Aha! Now we’re getting somewhere. We are down to 11 instructions taking 13 cycles maximum for lfsr_step3_noreturn30. Maybe that code was too cluttered for you, so let’s just focus on the core function itself:

pyxc16.compile('''
#include <stdint.h>
#include <stdbool.h>

typedef struct {
uint32_t state;
uint32_t taps;
unsigned int nminus1;
} LFSR_T;

/* Galois implementation of LFSR */
inline static bool lfsr_step3b(LFSR_T *plfsr)
{
bool out = (plfsr->state >> 30) & 1;
plfsr->state <<= 1;    // shift left
if (out)
{
plfsr->state ^= plfsr->taps;
/* flip bits connected to the taps if the output is 1.
Note that the state bits beyond bit 4 are ignored */
}
return out;
}

void lfsr_step3b_noreturn(LFSR_T *plfsr)
{
lfsr_step3b(plfsr);
}
''', '-c', '-O1', '-fverbose-asm', '-finline')
_lfsr_step3b_noreturn:
mov.d	[w0],w2	; plfsr_1(D)->state, D.2067
add	w2,w2,w4	; D.2067, D.2064
addc	w3,w3,w5	; D.2067, D.2064
mov.d	w4,[w0]	; D.2064, plfsr_1(D)->state
lsr	w3,#14,w2	; D.2067,, tmp49
btst	w2,#0	; tmp49,
bra	z,.L1	;
mov	[w0+4],w2	; plfsr_1(D)->taps, plfsr_1(D)->taps
mov	[w0+6],w3	; plfsr_1(D)->taps, plfsr_1(D)->taps
xor	w4,w2,[w0++]	; D.2064, plfsr_1(D)->taps, plfsr_1(D)->state
xor	w5,w3,[w0--]	; D.2064, plfsr_1(D)->taps, plfsr_1(D)->state
.L1:
return


If we really know that the LFSR is 30 bits, that’s not bad. Of course, that might be unreasonable. What is another way of getting rid of a loop? Well, maybe we know the LFSR length is in a range between 17 and 32 bits; we could go back to the masking appoach, and then it would save some execution time because we don’t need to mess around with 32-bit values, we can just use 16-bit operations.

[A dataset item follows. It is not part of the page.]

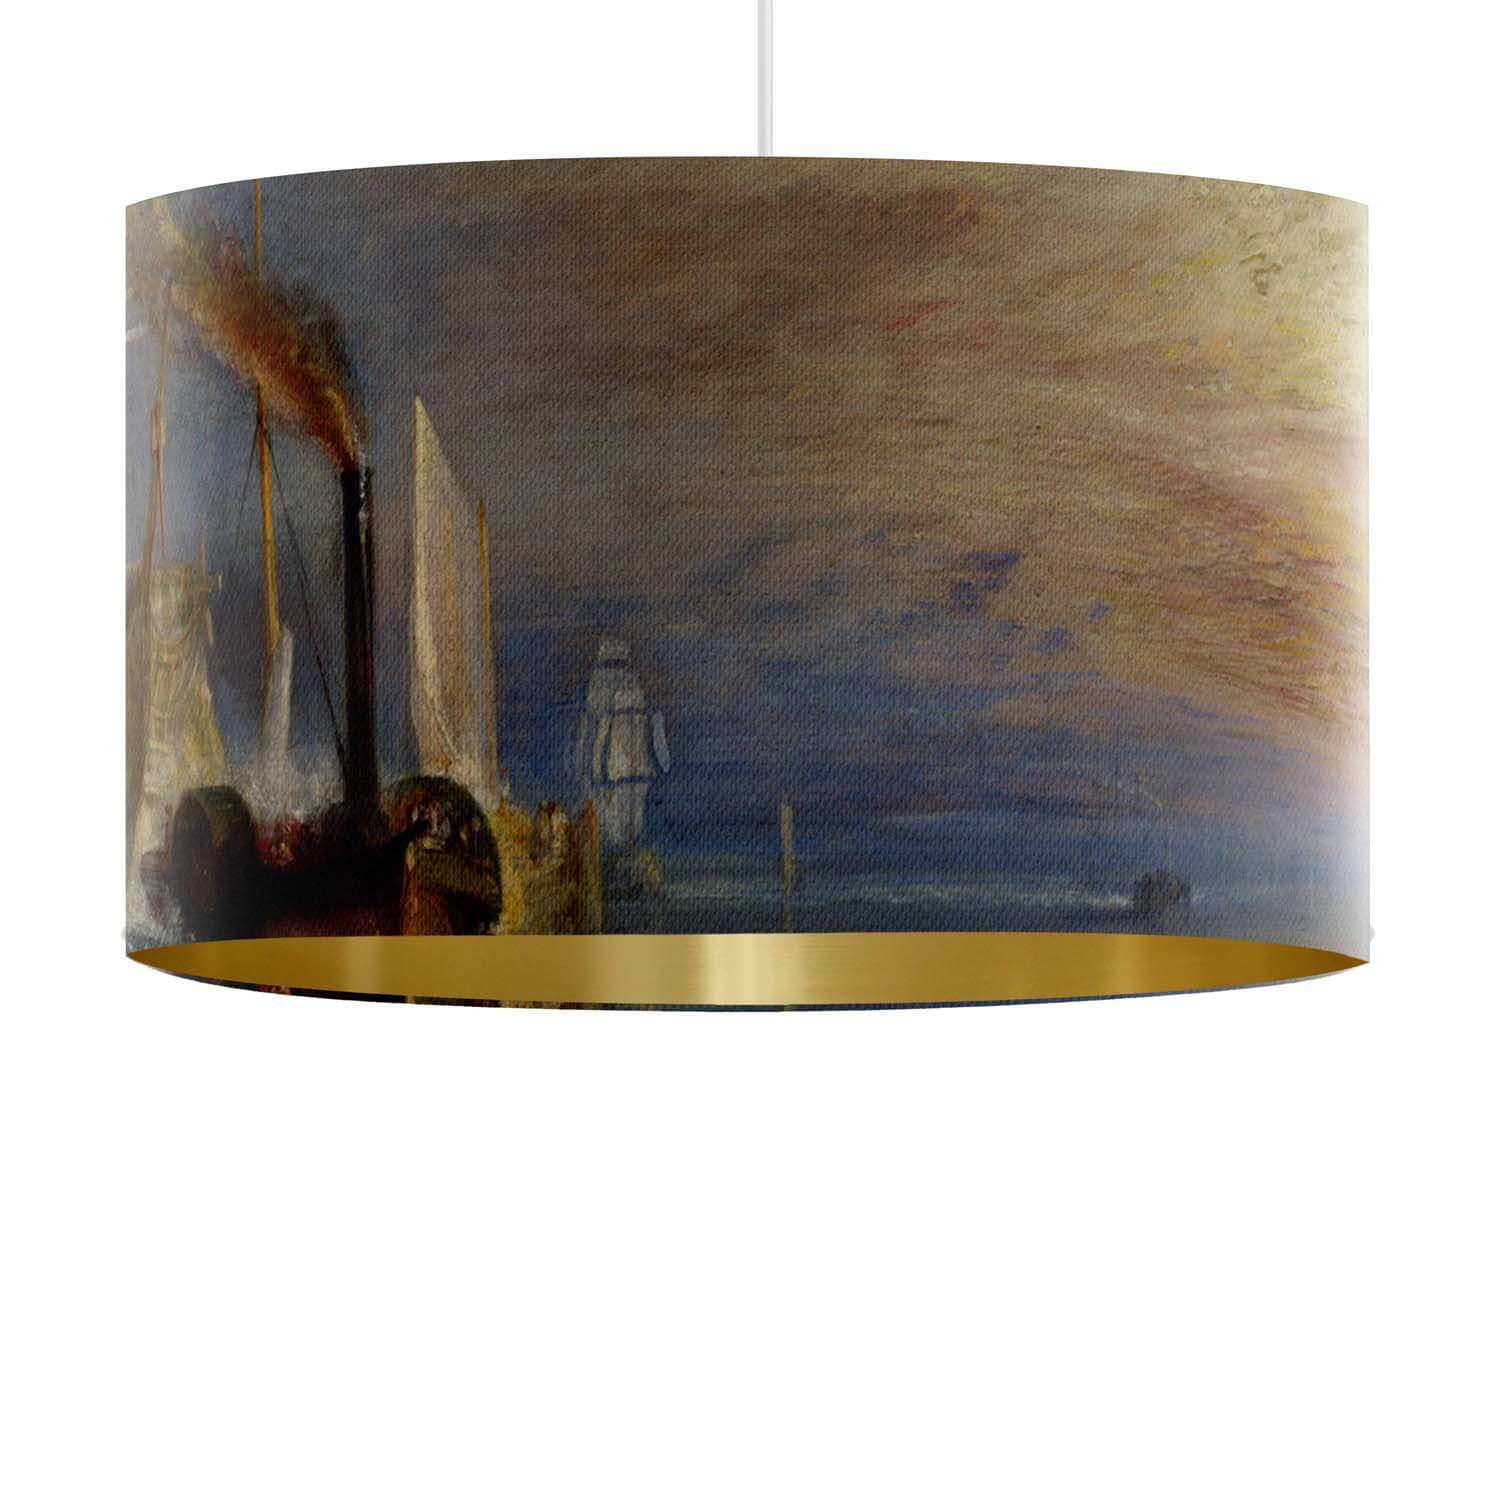 The Fighting Temeraire - J.M.W. Turner - National Gallery Lampshade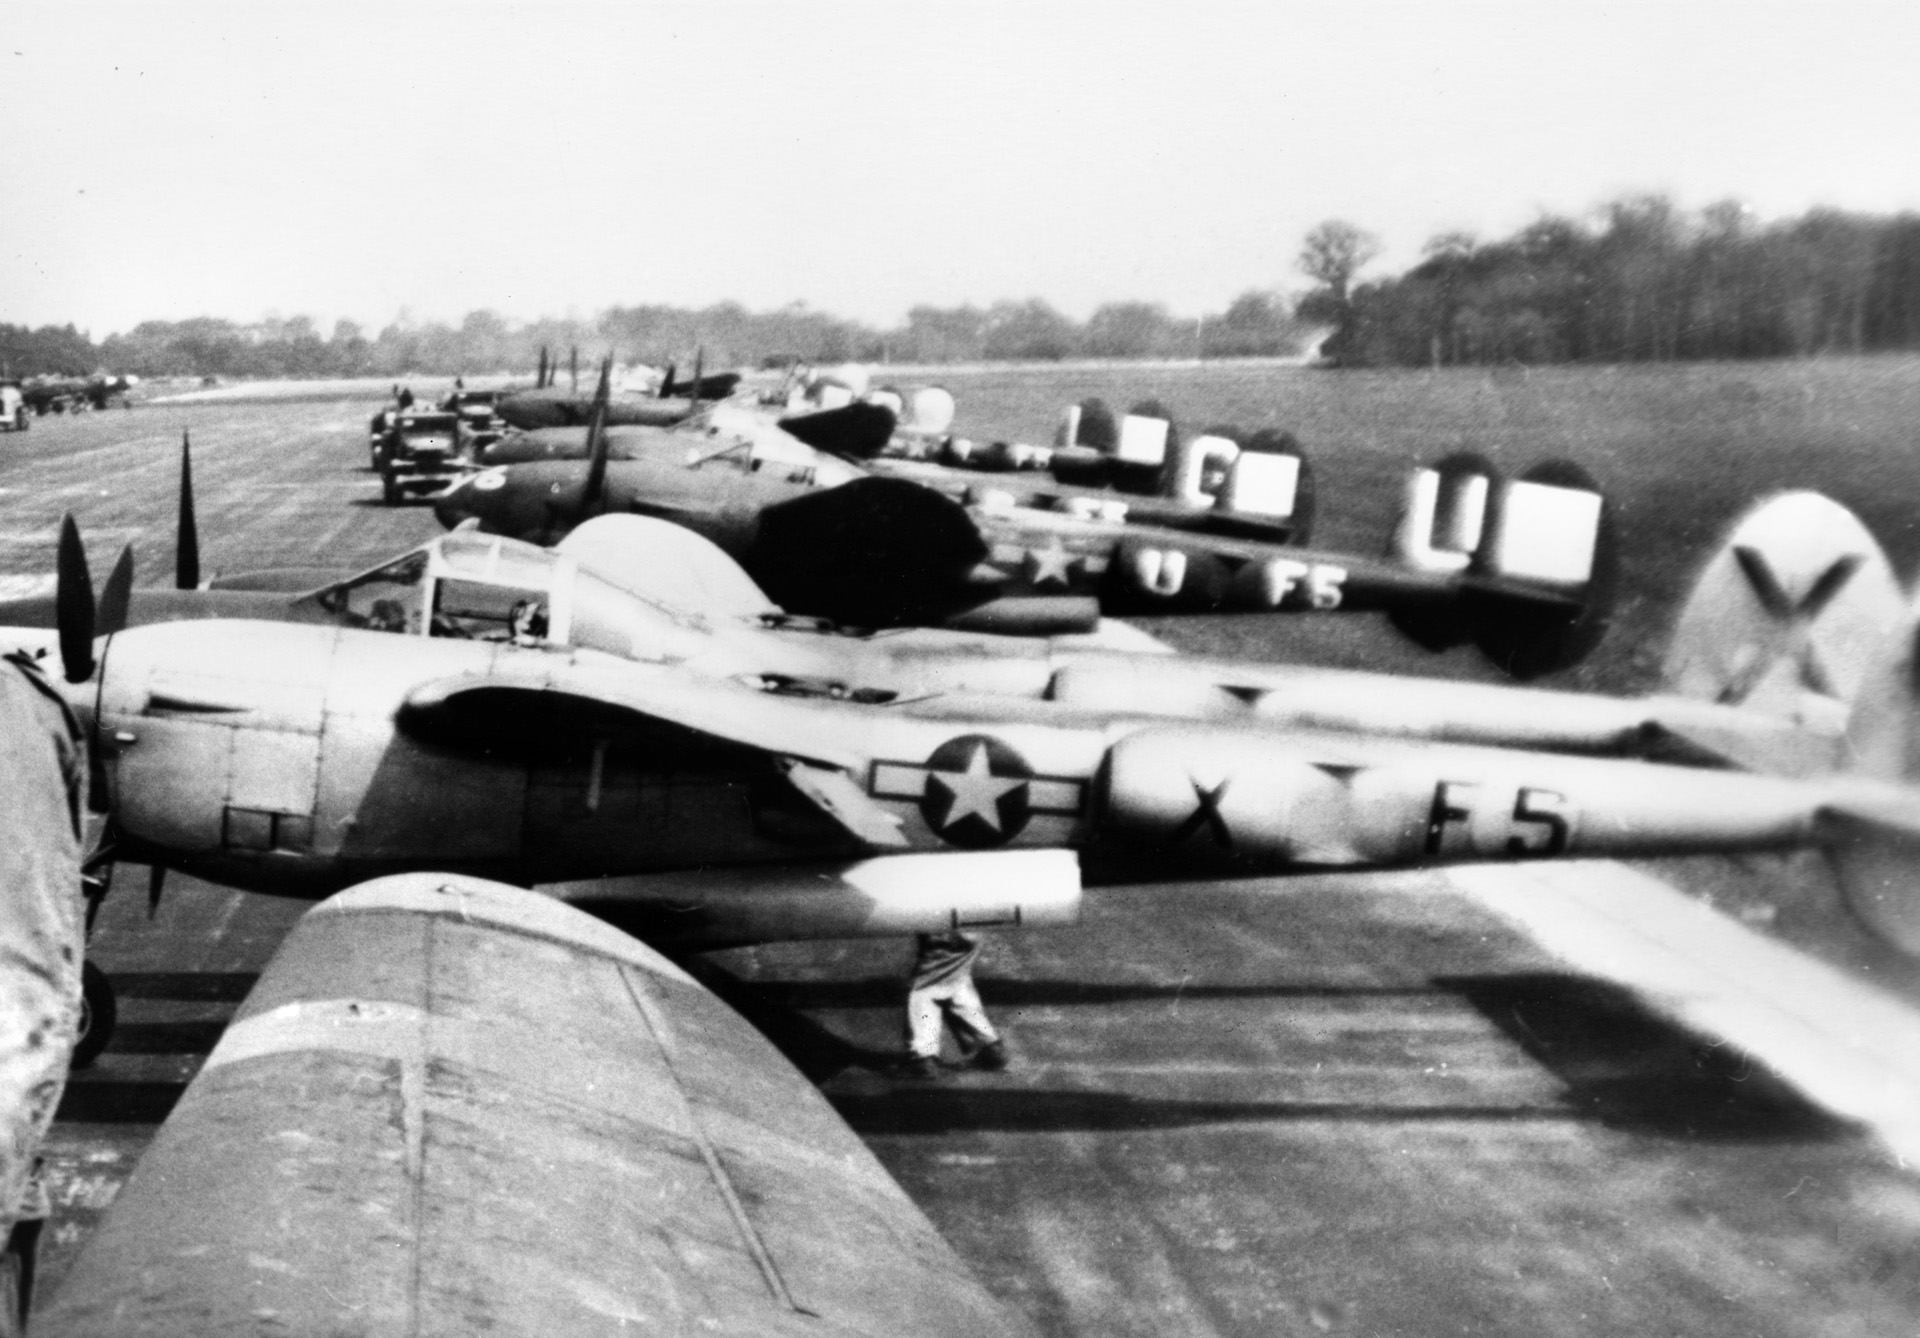 P-38 Lightning fighters of the 428th Fighter Squadron sit tightly grouped at an airfield prior to deployment. These aircraft have not been emblazoned with their D-Day recognition stripes, so this photo was probably taken during the weeks leading up to the June 6, 1944, Normandy invasion at RAF Warmwell airfield in England.

Furthermore, maybe the LFSR polynomial bit vector is of the form $p(x) = x^{32} + p_{15}(x)$ where $p_{15}(x)$ is a polynomial of degree 15 or less — in other words, zero coefficients from $x^{16}$ to $x^{31}$. For many LFSR bit lengths, it’s possible to find a primitive polynomial of this type. So if you have an LFSR with a specific polynomial, then you may not be able to use this kind of optimization, but if all you want is some 30-bit LFSR, then you can get away with a restricted subset of polynomials. OK, here goes:

pyxc16.compile('''
#include <stdint.h>
#include <stdbool.h>

typedef struct {
uint32_t state;
uint16_t taps_lsb;
} LFSR_T;

/* Galois implementation of LFSR */
inline static bool lfsr_step(LFSR_T *plfsr)
{
bool out = ((plfsr->state >> 16) & plfsr->mask_msb) != 0;

plfsr->state <<= 1;
if (out)
{
plfsr->state ^= plfsr->taps_lsb;
/* flip bits connected to the taps if the output is 1. */
}
return out;
}

void lfsr_step_noreturn(LFSR_T *plfsr)
{
lfsr_step(plfsr);
}
''', '-c', '-O1', '-fverbose-asm', '-finline')
_lfsr_step_noreturn:
mov.d	[w0],w6	; plfsr_1(D)->state, D.2073
clr	w3	; plfsr_1(D)->mask_msb
lsr	w7,#0,w4	; D.2073,, tmp54
mov	#0,w5	; tmp54
and	w4,w2,w1	; tmp54, plfsr_1(D)->mask_msb, tmp55
and	w5,w3,w4	;, plfsr_1(D)->mask_msb, tmp56
clr	w5	; tmp61
sl	w4,#0,w3	; tmp61,, D.2069
mov	#0,w2	; D.2069
mul.uu	w1,#1,w4	; tmp55, tmp61
ior	w2,w4,w2	; D.2069, tmp61, D.2069
ior	w3,w5,w3	; D.2069, tmp61, D.2069
add	w6,w6,w6	; D.2073, D.2068
addc	w7,w7,w7	; D.2073, D.2068
mov.d	w6,[w0]	; D.2068, plfsr_1(D)->state
sub	w2,#0,[w15]	; D.2069
subb	w3,#0,[w15]	; D.2069
bra	z,.L1	;
mov	[w0+4],w2	; plfsr_1(D)->taps_lsb, plfsr_1(D)->taps_lsb
clr	w3	; plfsr_1(D)->taps_lsb
xor	w2,w6,[w0++]	; plfsr_1(D)->taps_lsb, D.2068, plfsr_1(D)->state
xor	w3,w7,[w0--]	; plfsr_1(D)->taps_lsb, D.2068, plfsr_1(D)->state
.L1:
return


Yuck! 23 instructions taking 25 cycles. And the odd thing is, neither of the optimizations we wanted actually took place — the compiler is doing 32-bit ANDs and 32-bit XORs even though one of the operands is 16-bit.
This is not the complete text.